* Data section:
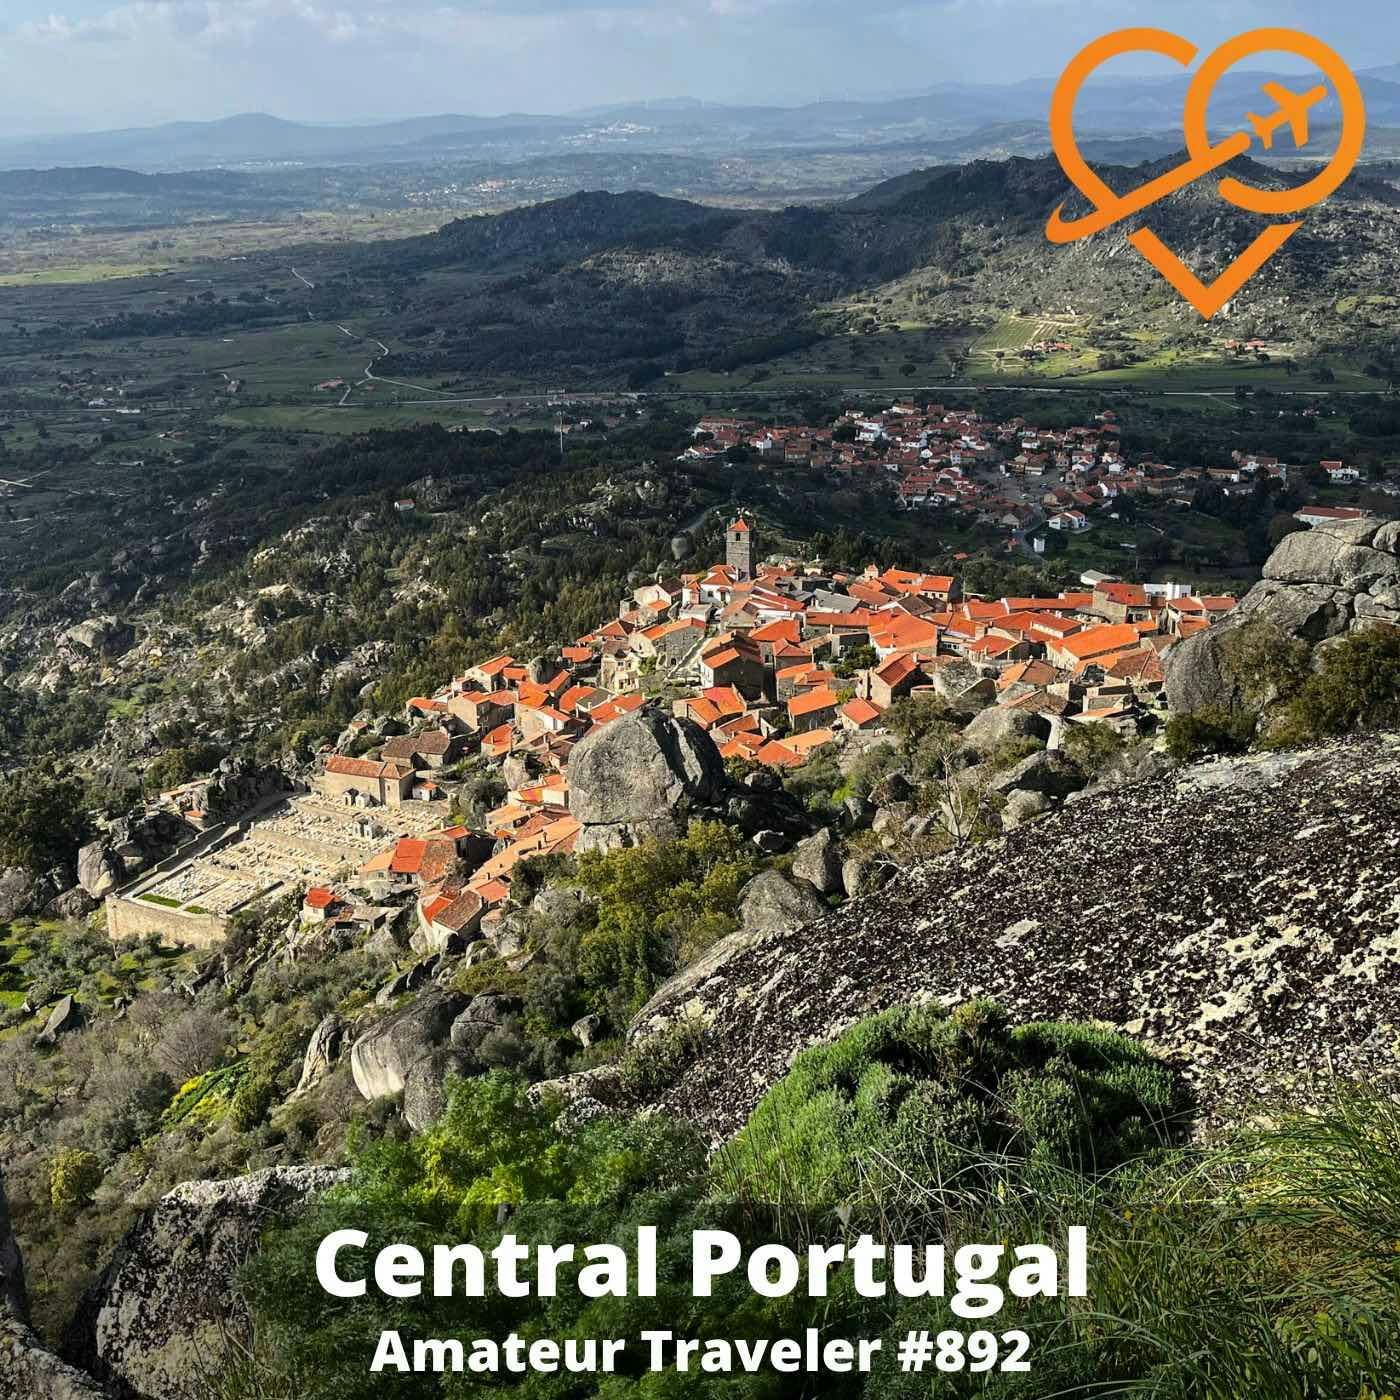 AT#892 - Travel to Central Portugal
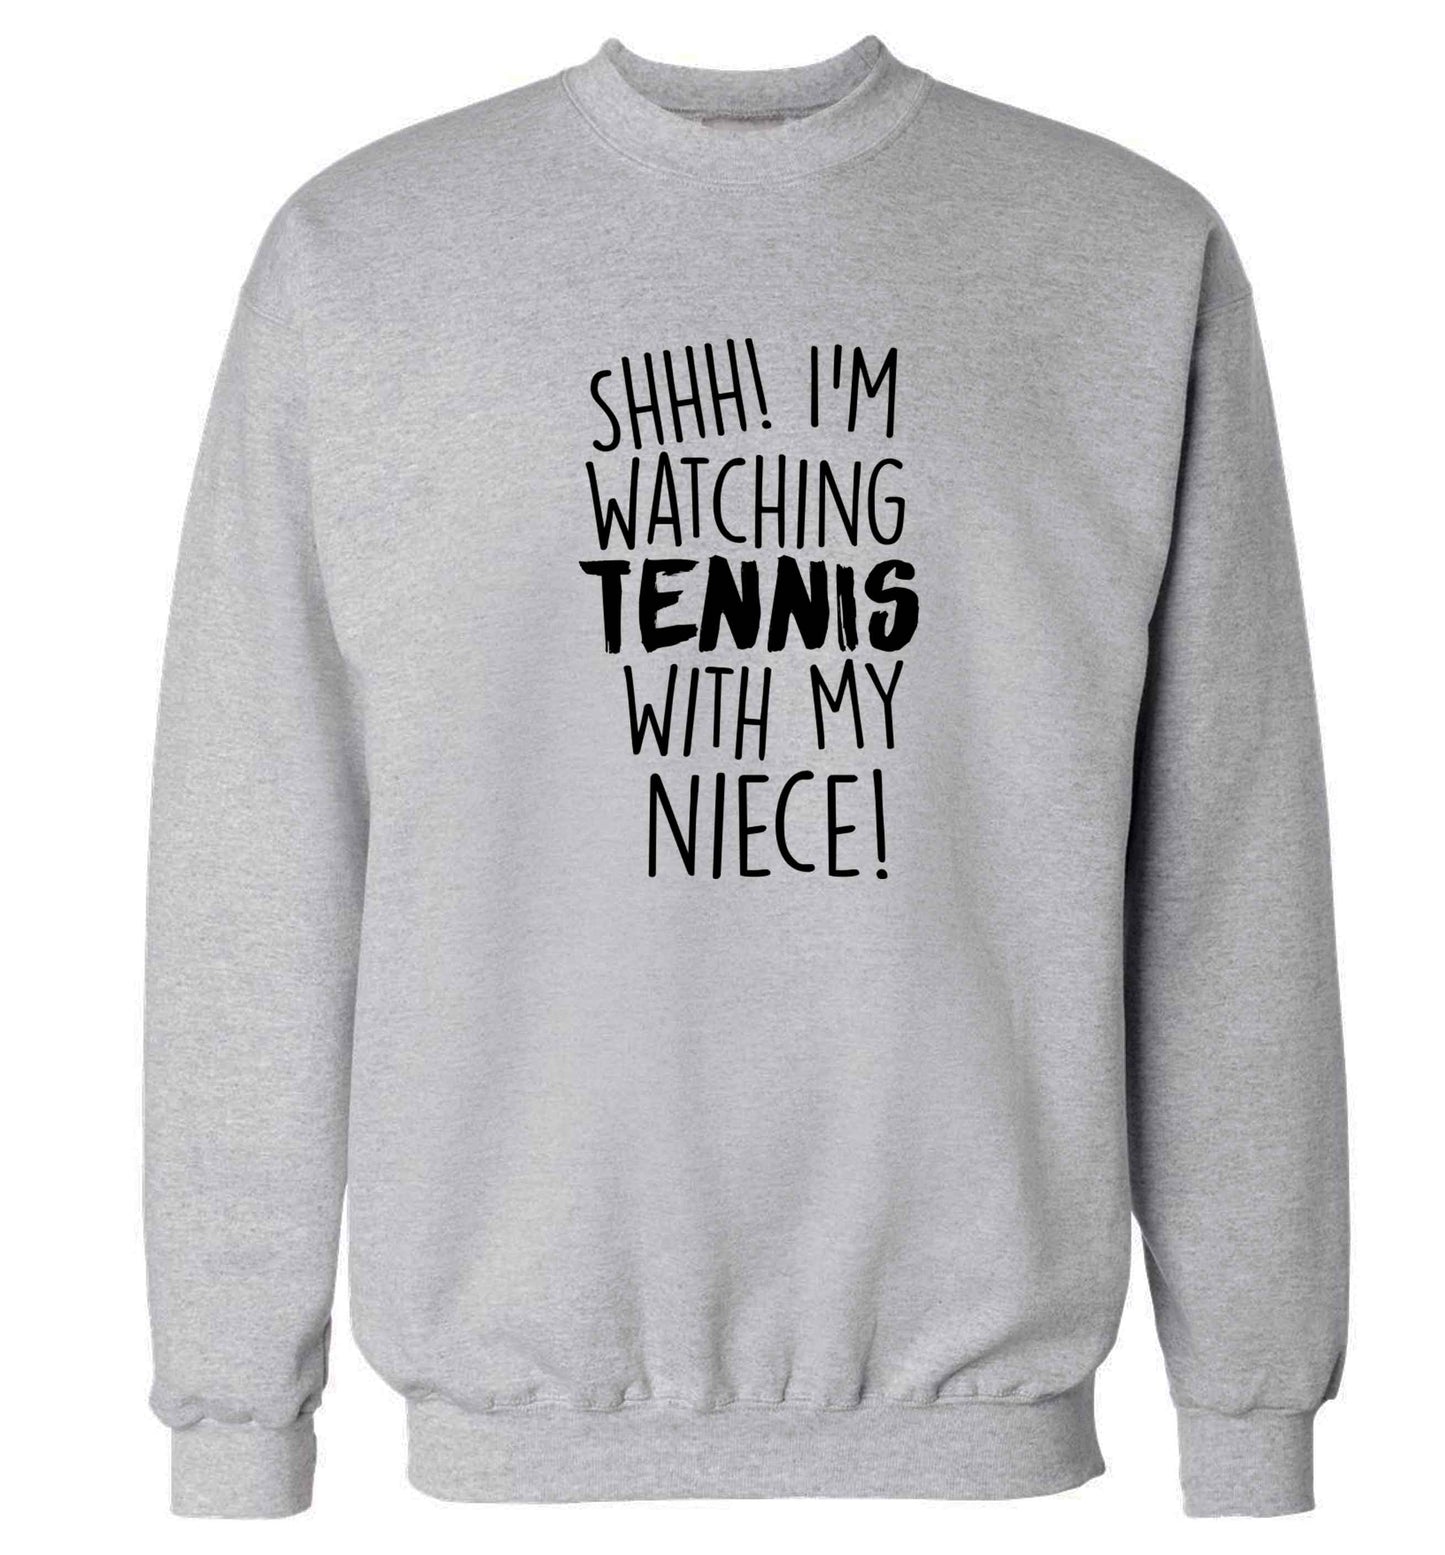 Shh! I'm watching tennis with my niece! Adult's unisex grey Sweater 2XL
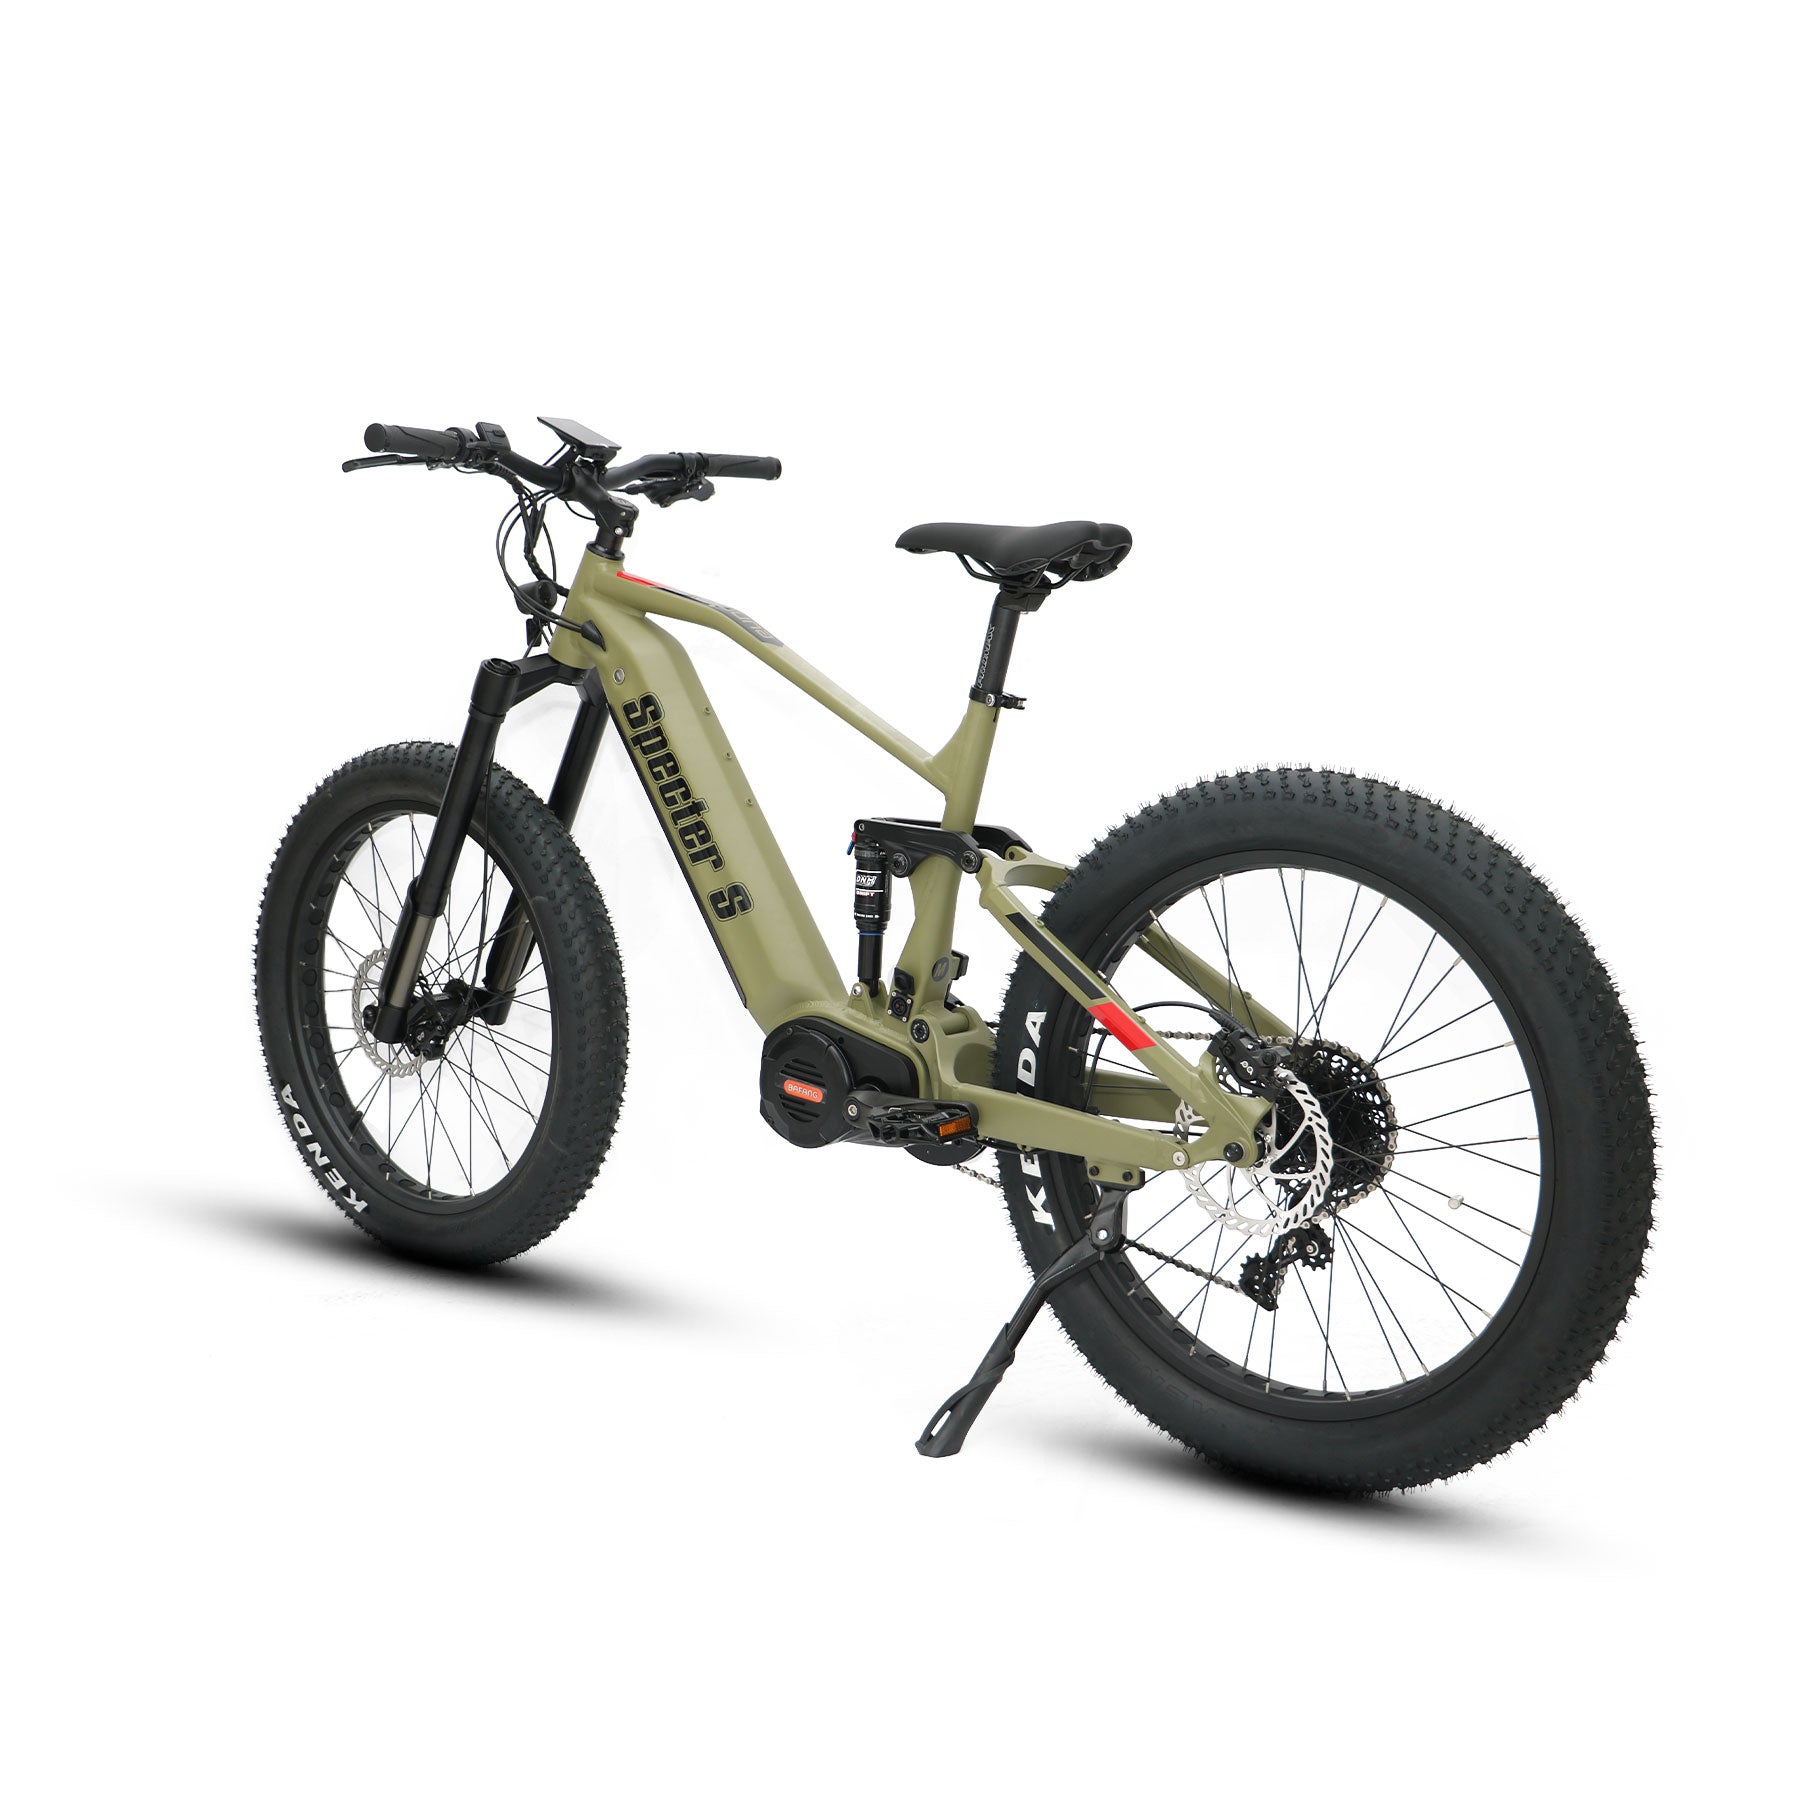 Rear angled profile of the Eunorau Specter S dual suspension electric mountain bike in army green colour. Fat tyre mid-drive bike against a white background.
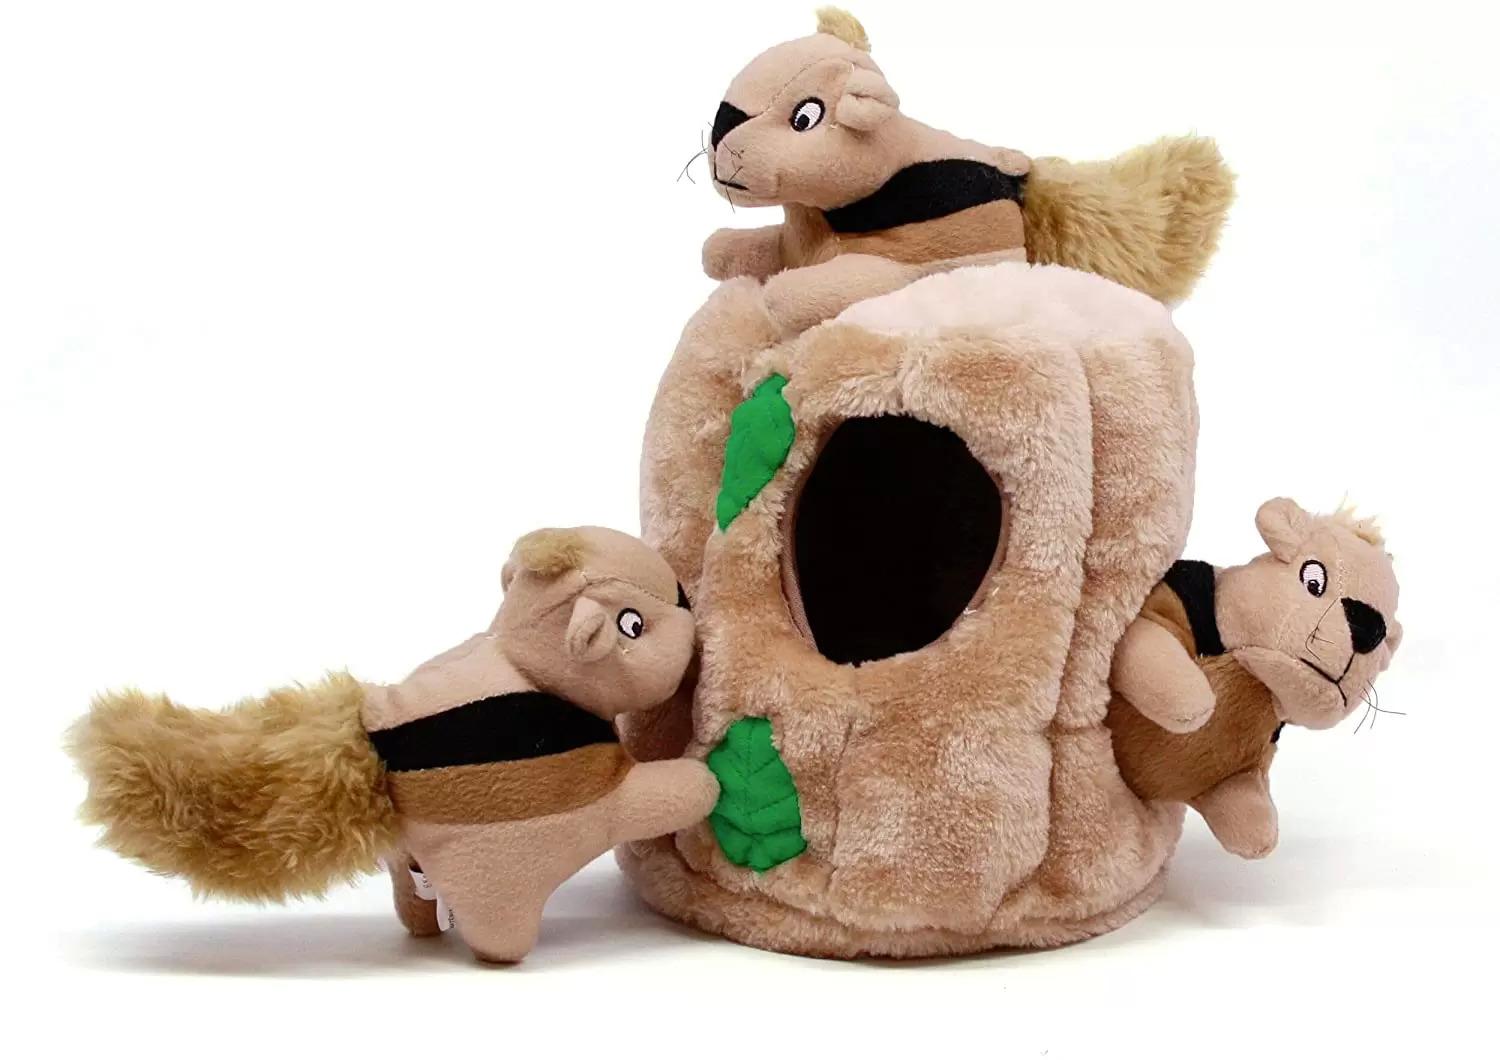 Outward Hound Hide-A-Squirrel Squeaky Puzzle Plush Dog Toy for $5.10 Shipped

* Work task:
Would you restate word for word only the lines from the one containing "Shh! I'm watching" to the final line of the material, both ends included, without any pictures?

* Result of this exercise:
 Shh! I'm watching tennis with my niece! Adult's unisex grey Sweater 2XL
 Rear angled profile of the Eunorau Specter S dual suspension electric mountain bike in army green colour. Fat tyre mid-drive bike against a white background.
 Outward Hound Hide-A-Squirrel Squeaky Puzzle Plush Dog Toy for $5.10 Shipped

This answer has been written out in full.